Yeah, no, it's a four year commitment, this one. Um, uh, I ran a bootcamp last week with the team, with Lindsay and Simon and Barker. And we had 34 bootcampers. We kept it small this time. Um, and four people wrote 20,000 words. Everyone wrote 5,000 words. Well, one person was 200 words off, but I wrote their name on the green block that we, we give squeezy Lego blocks for every 5,000 words.

And the green ones were 5,000. We wrote our name on it and told her to. Do another 200 words over the weekend and come back and get it on Monday. But they all did write 5,000 words in, in three days. And it was really, it was really great. And the next one I'm running is in Cairns at James Cook University.

If you're a James Cook person, know that I'm coming. I'm going to be in you and you're coming with me. I am. It'll be great fun. You're going to be my boot camp camaraderie because we are starting to do a bit of work together. Aren't we, Jason? Yeah. Yeah. And I'm like super excited about it. It's um, it's, it's just been, it's been great over the last couple of weeks to kind of really start to sink our teeth into some of this sort of stuff.

And I've really appreciated the, the opportunity to be able to work more closely with you. Now that I'm no longer working at La Trobe, so it's, it's over. You're consciously uncoupled. I've consciously uncoupled, yes. Had to make some tough decisions. As I talked about kind of briefly last time we talked.

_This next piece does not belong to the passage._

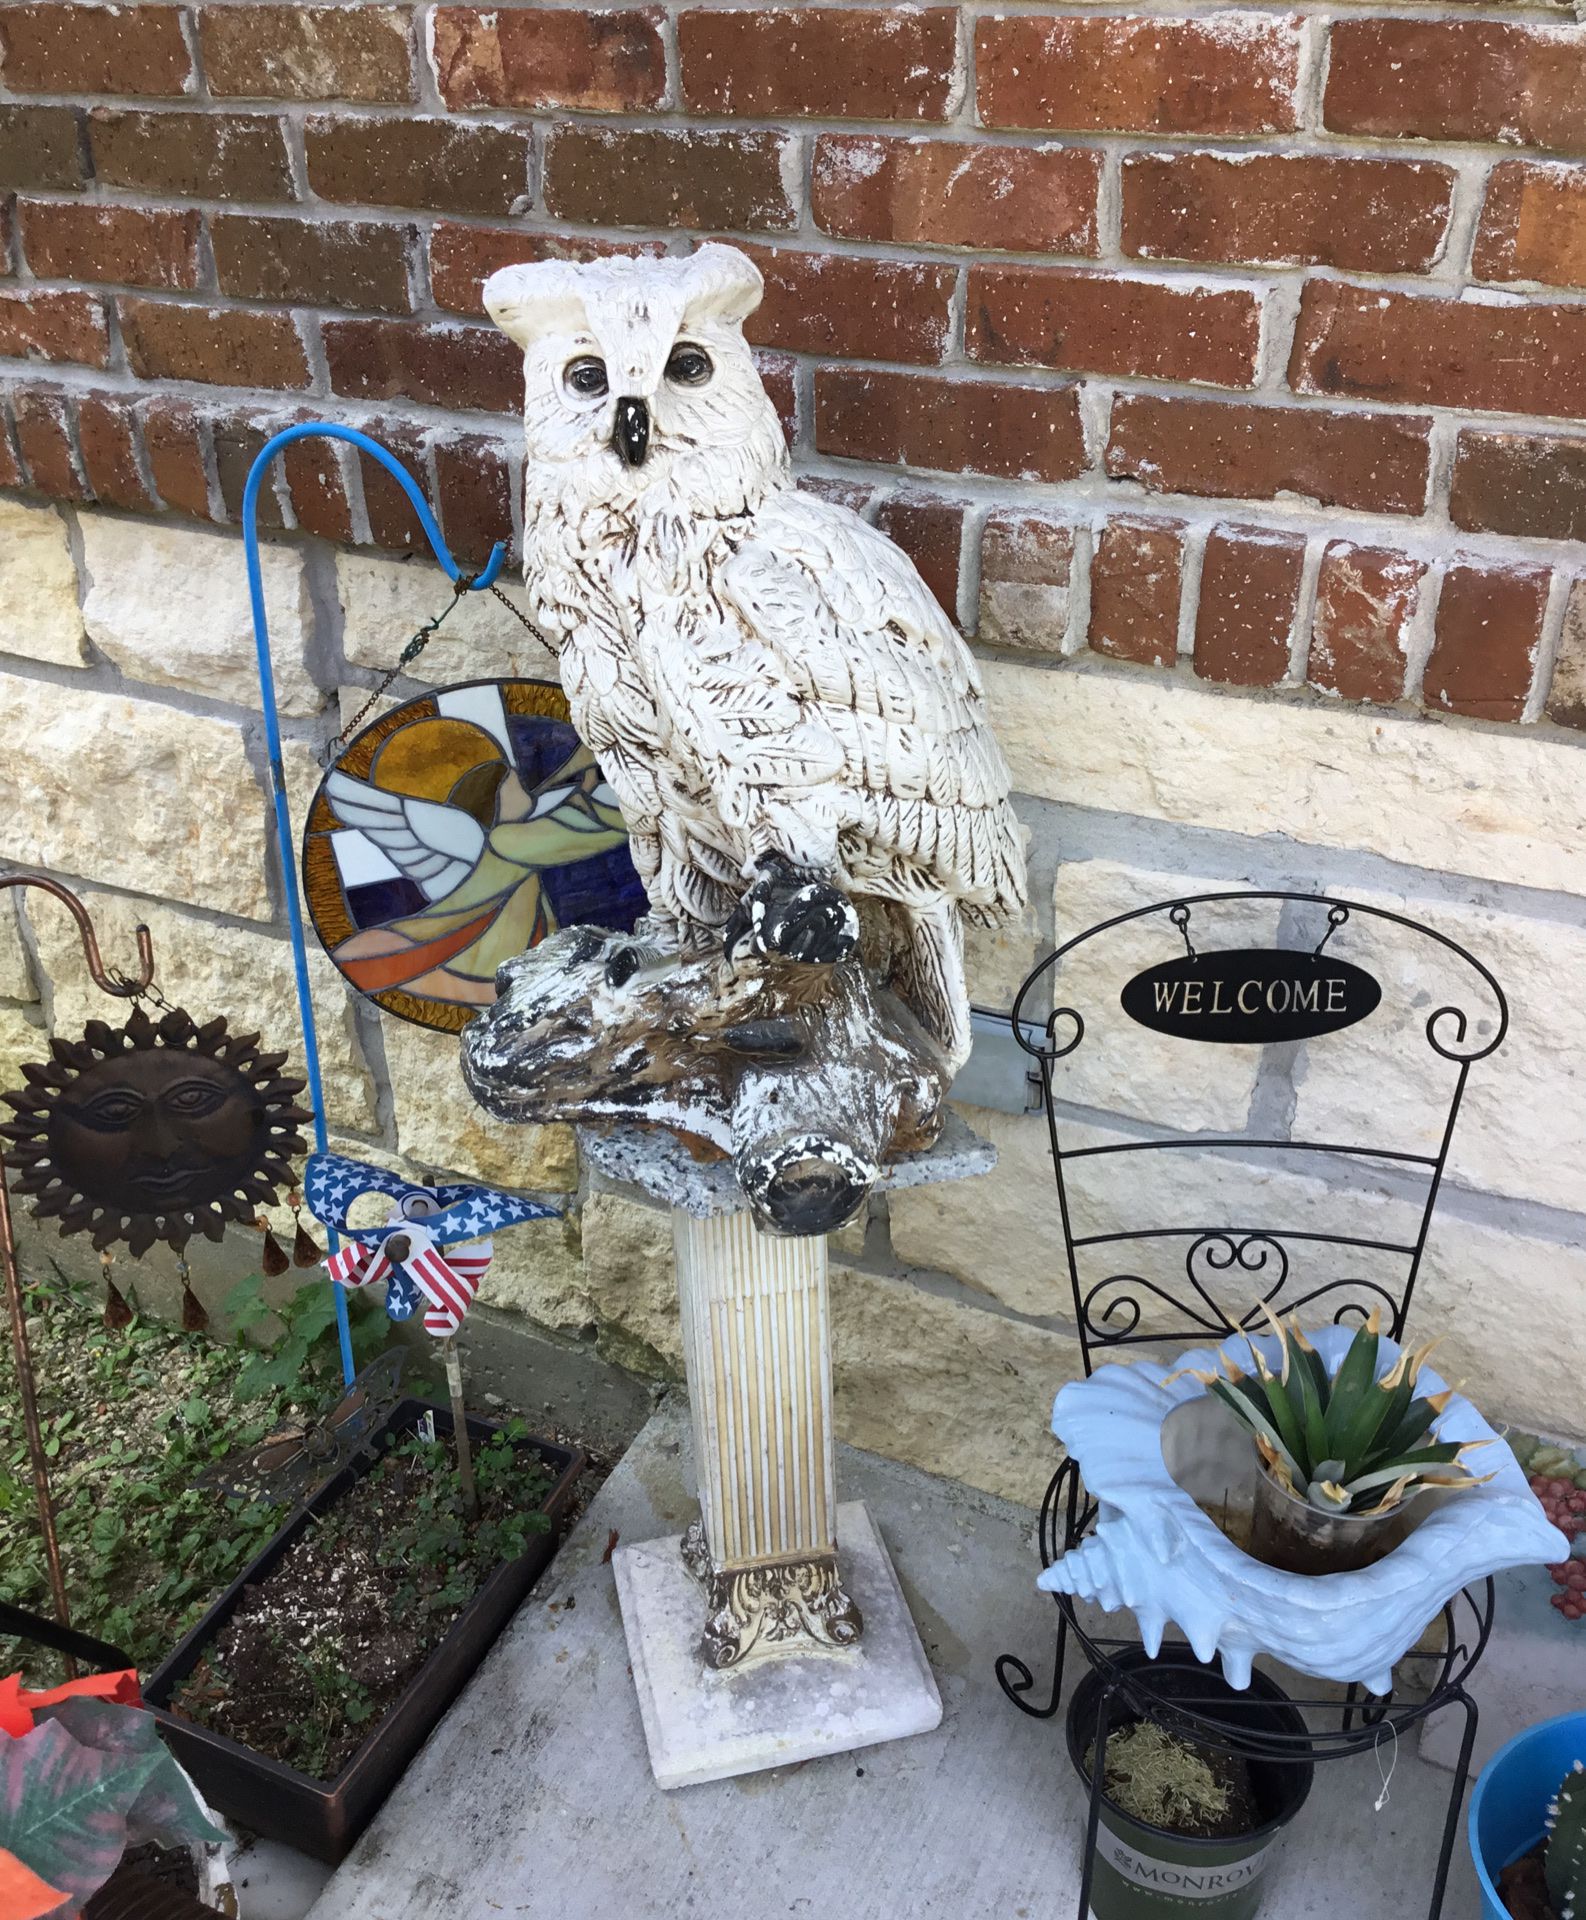 OLD VINTAGE OWL PERCHED ON HOMEMADE COLUMN [STAND]..VERY UNIQUE...OUTDOOR FIXTURE BEING SOLD AS IS...STILL GOT SOME “HOOT” LEFT...

I'd add some fairly solid health considerations to kind of take into account and make some decisions around all that sort of stuff. So, yes. So now I'm looking forward to the next chapter, which will be in the short term, at least working more closely with you to be able to help with some of this stuff.

Cause you've got a very full dance card in Gimliburn and looking forward to be able to Work with you and also, you know, we've plotted for many years about the sorts of things that we should be doing, but neither of us have had the time to actually do either of any of those. So true. So true. So, so, uh, I'm going to invest some of that time.

I've got a bit of a time dividend now up my sleeve. So I'm going to invest some of that time. I'm looking forward to seeing where it goes. I mean, for those of you aren't aware, I do have a full time job at ANU, but ANU has this very generous policy called the 52 day rule, which means that 52 days of the year, you can draw a salary from ANU and also work somewhere else, which is pretty amazingly generous.

I've never taken 52 days. Like I think the most I've ever taken is 17. But I mean, with the caveat that your boss has to sign it off and you have to be out till you know, do your job. So I, my bosses, bless their hearts, have always left that up to me to manage. And some years I've done three things and some years I've done 17.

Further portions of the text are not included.